Bryon White and William Rehnquist, voted against Roe out of the nine Supreme Court Justices, Warren Burger, William Douglas, William Brennan Jr., Potter Stewart, Byron White, Thurgood Marshall, Harry Blackmun, Lewis Powell Jr., and, William Rehnquist.

From Oyez

Under Roe’s, Trimester Framework, abortions were not restricted in the first trimester of pregnancy. From the end of the first trimester on, a state could restrict abortions for the fetus carrier’s health. From the end of the second trimester, a state could completely outlaw abortions because the fetus is considered viable, meaning “capable of developing and surviving independently”.

However, in interest of the fetus carrier’s health, exceptions could be made after fetal viability.

Planned Parenthood of Southeastern Pennsylvania v. Casey

In 1992, the ruling of the Supreme Court case, ​​Planned Parenthood of Southeastern Pennsylvania v. Casey, reestablished the basic principle of Roe v. Wade, women have the right to obtain an abortion before fetal viability. 

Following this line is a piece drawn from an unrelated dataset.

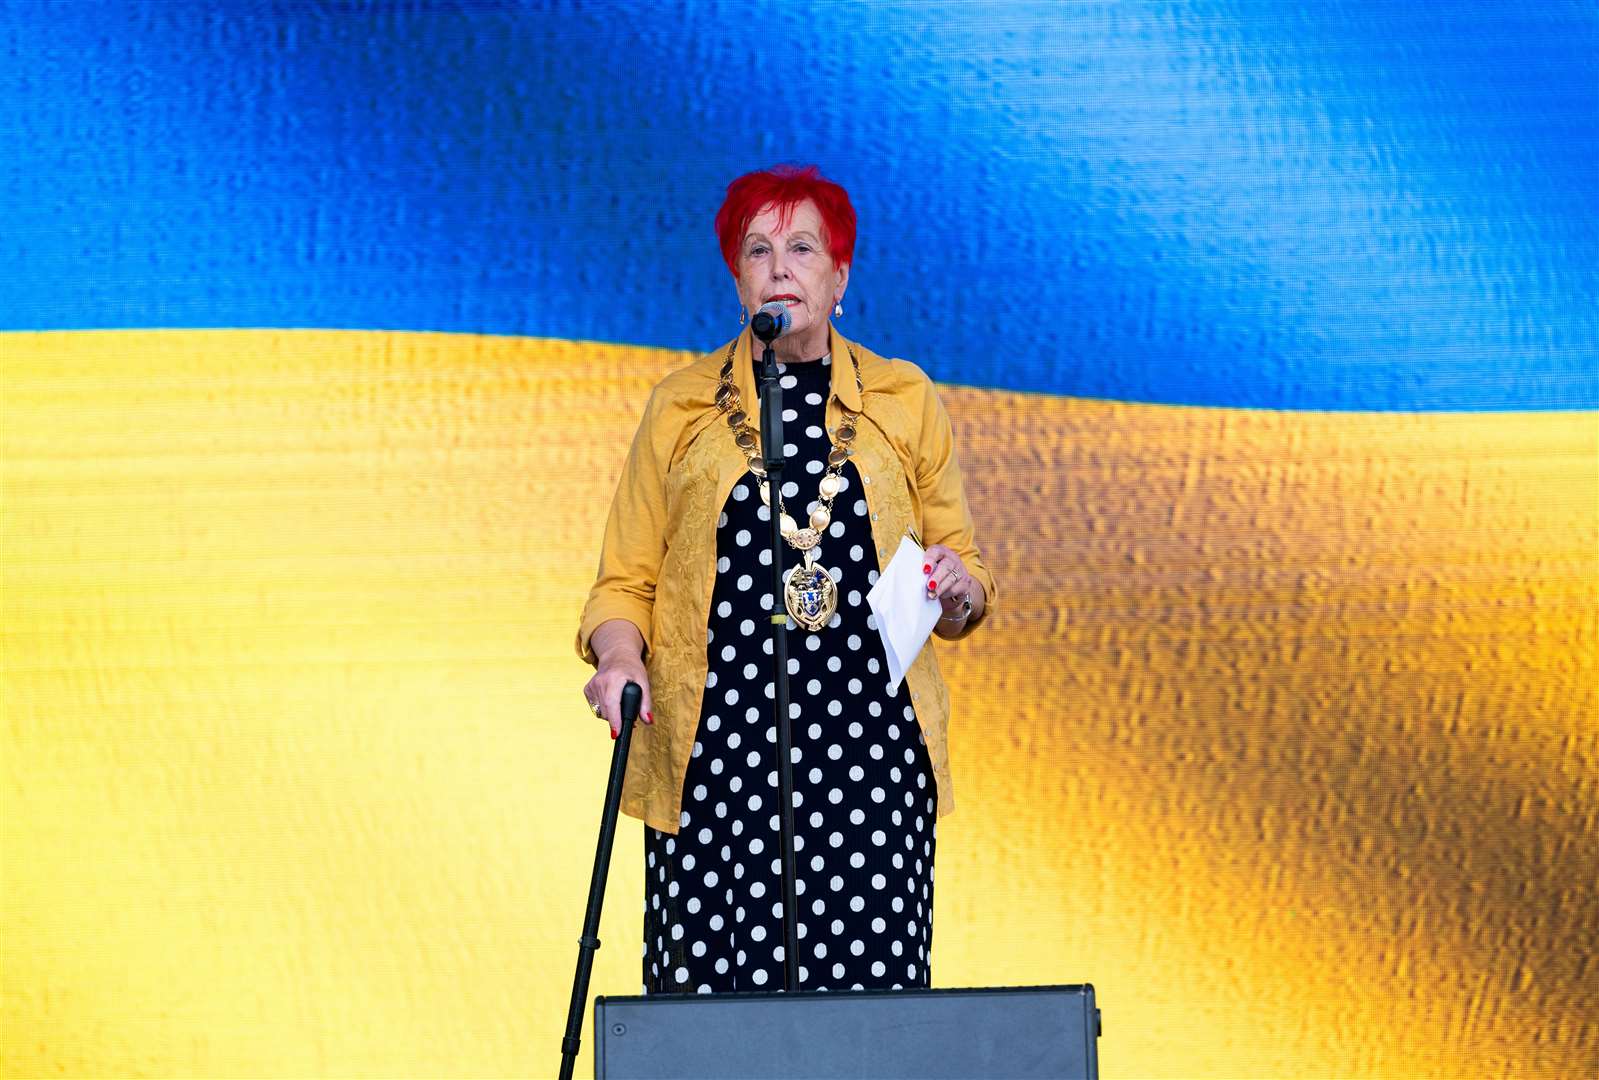 West Norfolk's Mayor Cllr Margaret Wilkinson wore yellow while giving a speech at the event.

The plaintiff in this case, Planned Parenthood of Southeastern Pennsylvania, included multiple Pennsylvanian abortion clinics, and a group of abortion providing Physicians. 

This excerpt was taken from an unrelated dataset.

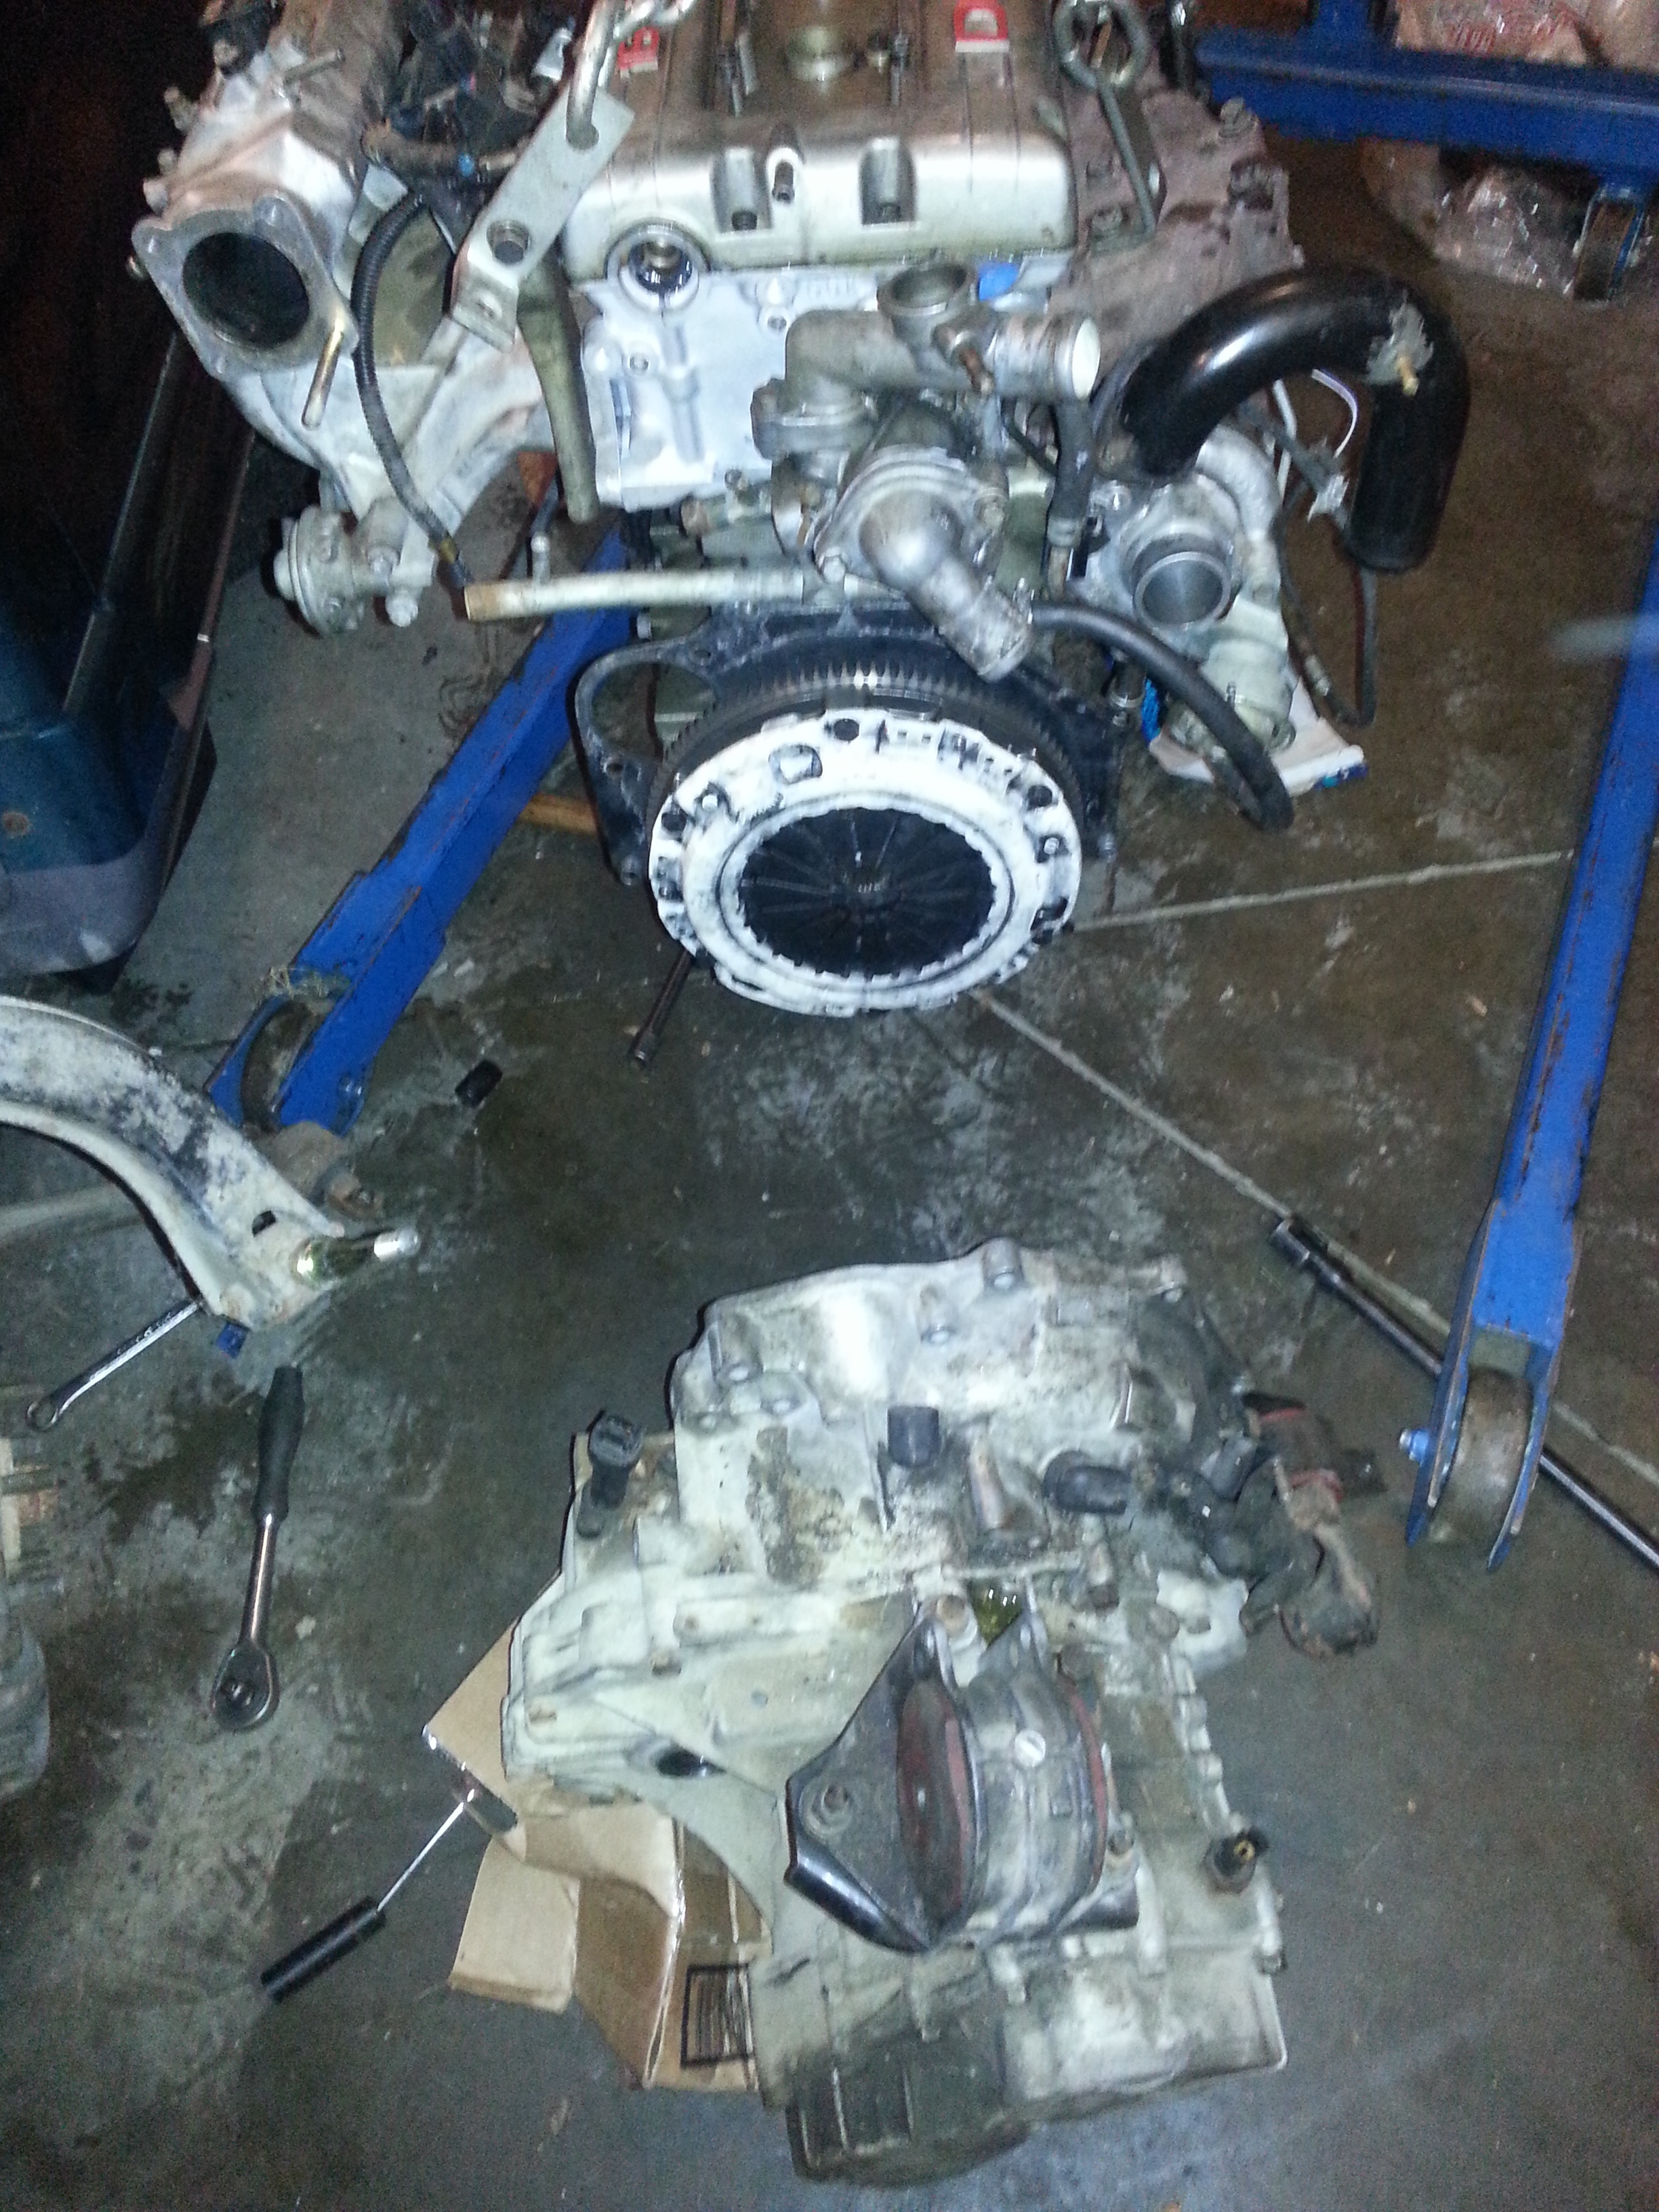 Putting the transmission onto the flywheel/clutch

The defendant, the Governor of Pennsylvania, Bob Casey Sr., argued that a state has the right to regulate abortion for the sake of a fetus or woman’s health. 

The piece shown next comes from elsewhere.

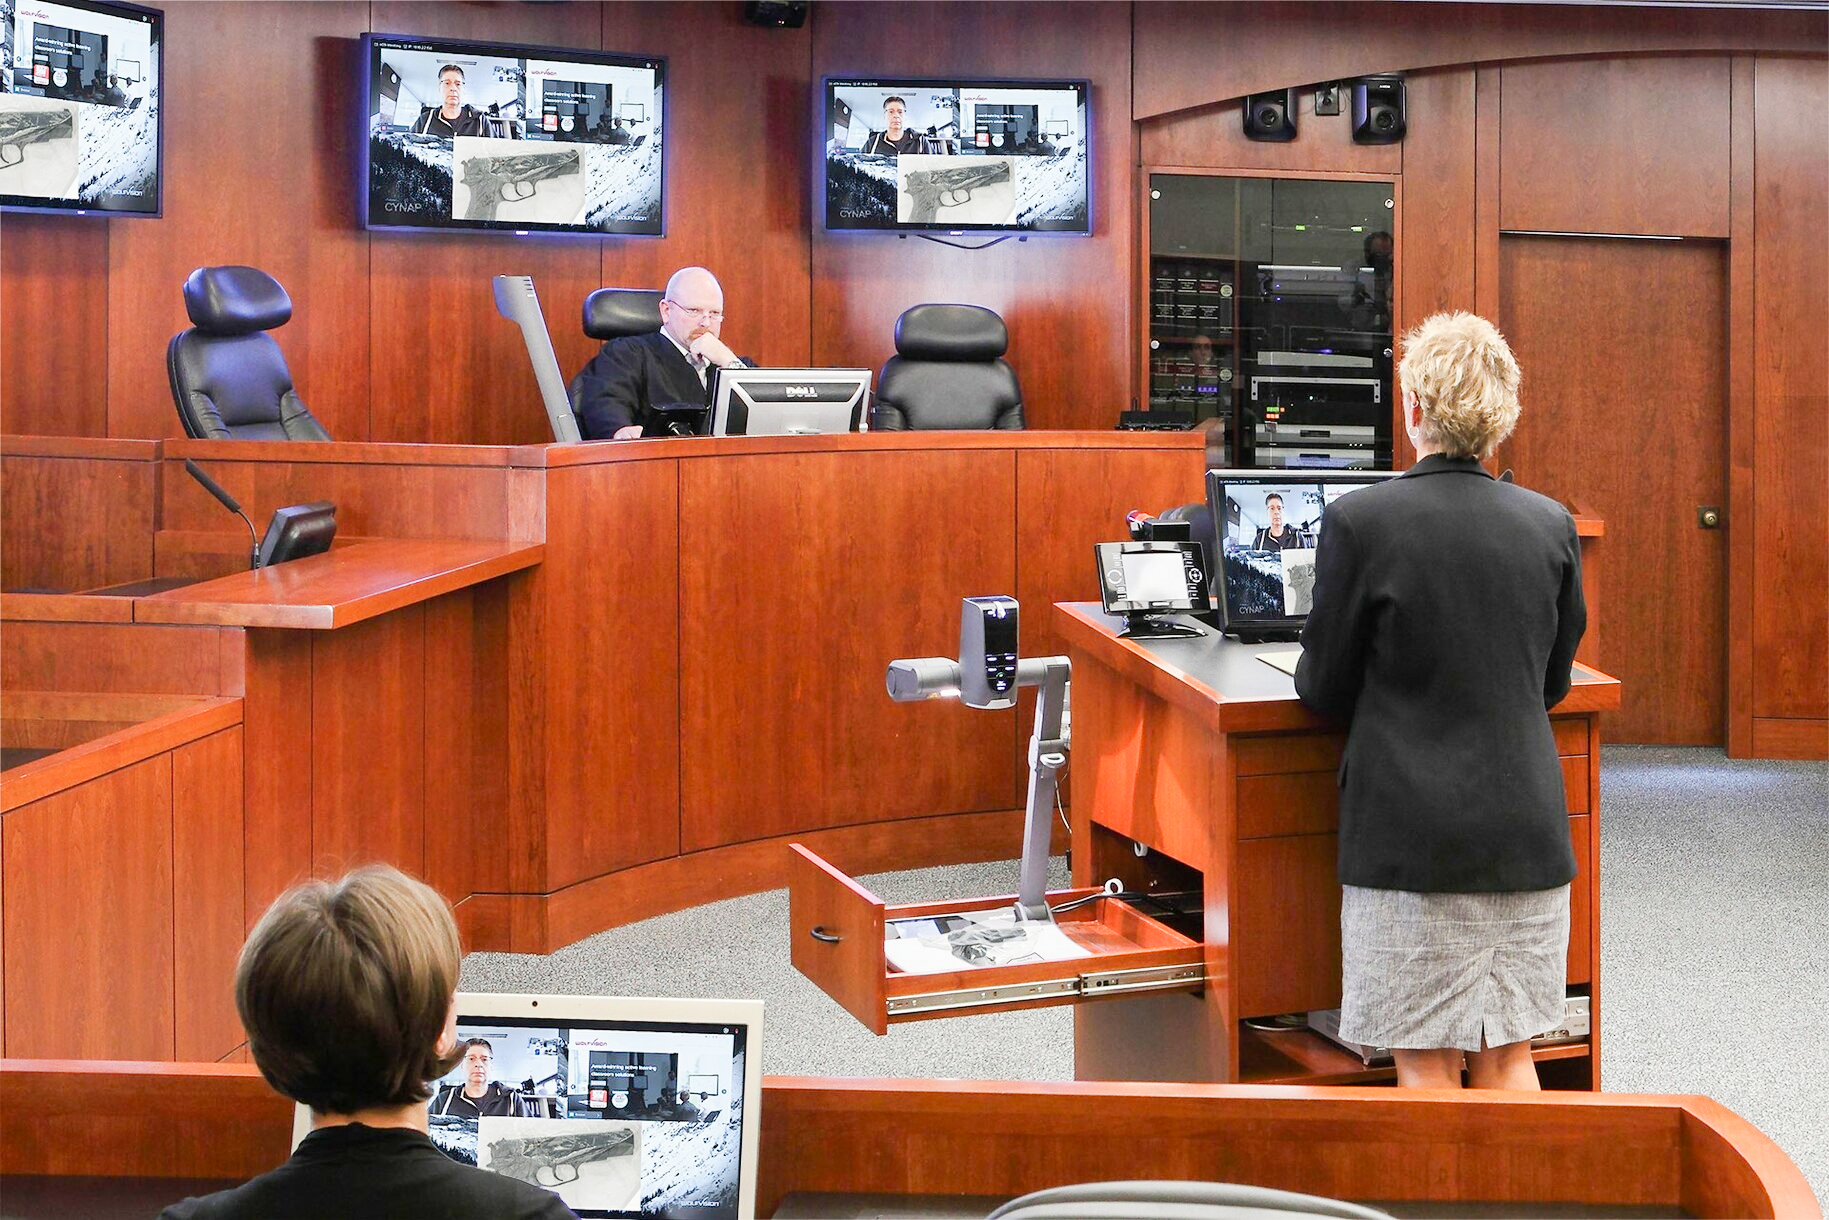 A courtroom with high resolution displays and projectors for evidence

The case’s question aimed to narrow the ruling of a previous case, Roe v Wade. Pennsylvania enacted new statutes that required women who want an abortion to wait twenty-four hours before the procedure, get informed consent (the doctors have to make sure that the patients know what’s happening during the procedure, and the outcomes and risks), notify their husbands (if they’re married), and get parental consent, (if they’re minors). 

William Rehnquist, Byron White, Antonin Scalia, and Clarence Thomas, voted against Planned Parenthood of Southeastern Pennsylvania, and in favor of Casey out of the nine Supreme Court Justices, William Rehnquist, Byron White, Harry Blackmun, John Paul Stevens, Sandra Day O’Connor, Antonin Scalia, Anthony Kennedy, David Souter, and Clarence Thomas.

From Oyez

During this case, a new standard that would determine the validity of the restrictions for abortion seekers, was called, “undue burden”. This meant that if the restrictions that new laws brought would place “significant difficulty or expense” on the abortion seekers, then it would be unconstitutional and invalid. 

Dobbs v. Jackson Women’s Health Organization

A Supreme Court draft opinion written by Associate Justice, Samuel Alito, for the case, Dobbs v. Jackson Women’s Health Organization, was leaked in early May, 2022. 

A Supreme Court Opinion is a type of writing authored by the Justices themselves. The opinion was authenticized by Chief Justice, John Roberts Jr

The current Chief Justice of the United States, is John Roberts Jr. The Associate Justices are Clarence Thomas, Stephen Breyer, Samuel Alito, Sonia Sotomayor, Elena Kagan, Neil Gorsuch, Brett Kavanaugh, and Amy Coney Barret. 

The draft opinion called for Roe v. Wade to be overruled and said that Roe was “egregiously wrong from the start,”. 

Opinions written by the court are not the final ruling of the case. Supreme Court Justices are still able to change their opinions. 

A study from American Public Health Association says that “nearly 1 in 4 women is anticipated to have an abortion during her reproductive years”. 

Planned Parenthood predicts that if Roe v Wade was overturned, Alabama, Arizona, Arkansas, Georgia, Idaho, Indiana, Kentucky, Louisiana, Mississippi, Missouri, Nebraska, North Dakota, Ohio, Oklahoma, South Carolina, South Dakota, Tennessee, Texas, Utah, West Virginia, and Wisconsin would eliminate access to all abortion procedures. 

The most restrictive abortion regulation is in Texas. Texans are unable to receive an abortion after about six weeks into a pregnancy. Most people don’t even know if they’re pregnant then. 

The Governor of California, Gavin Newsom, told Associated Press that California will “be a sanctuary,” should Roe v. Wade be overturned.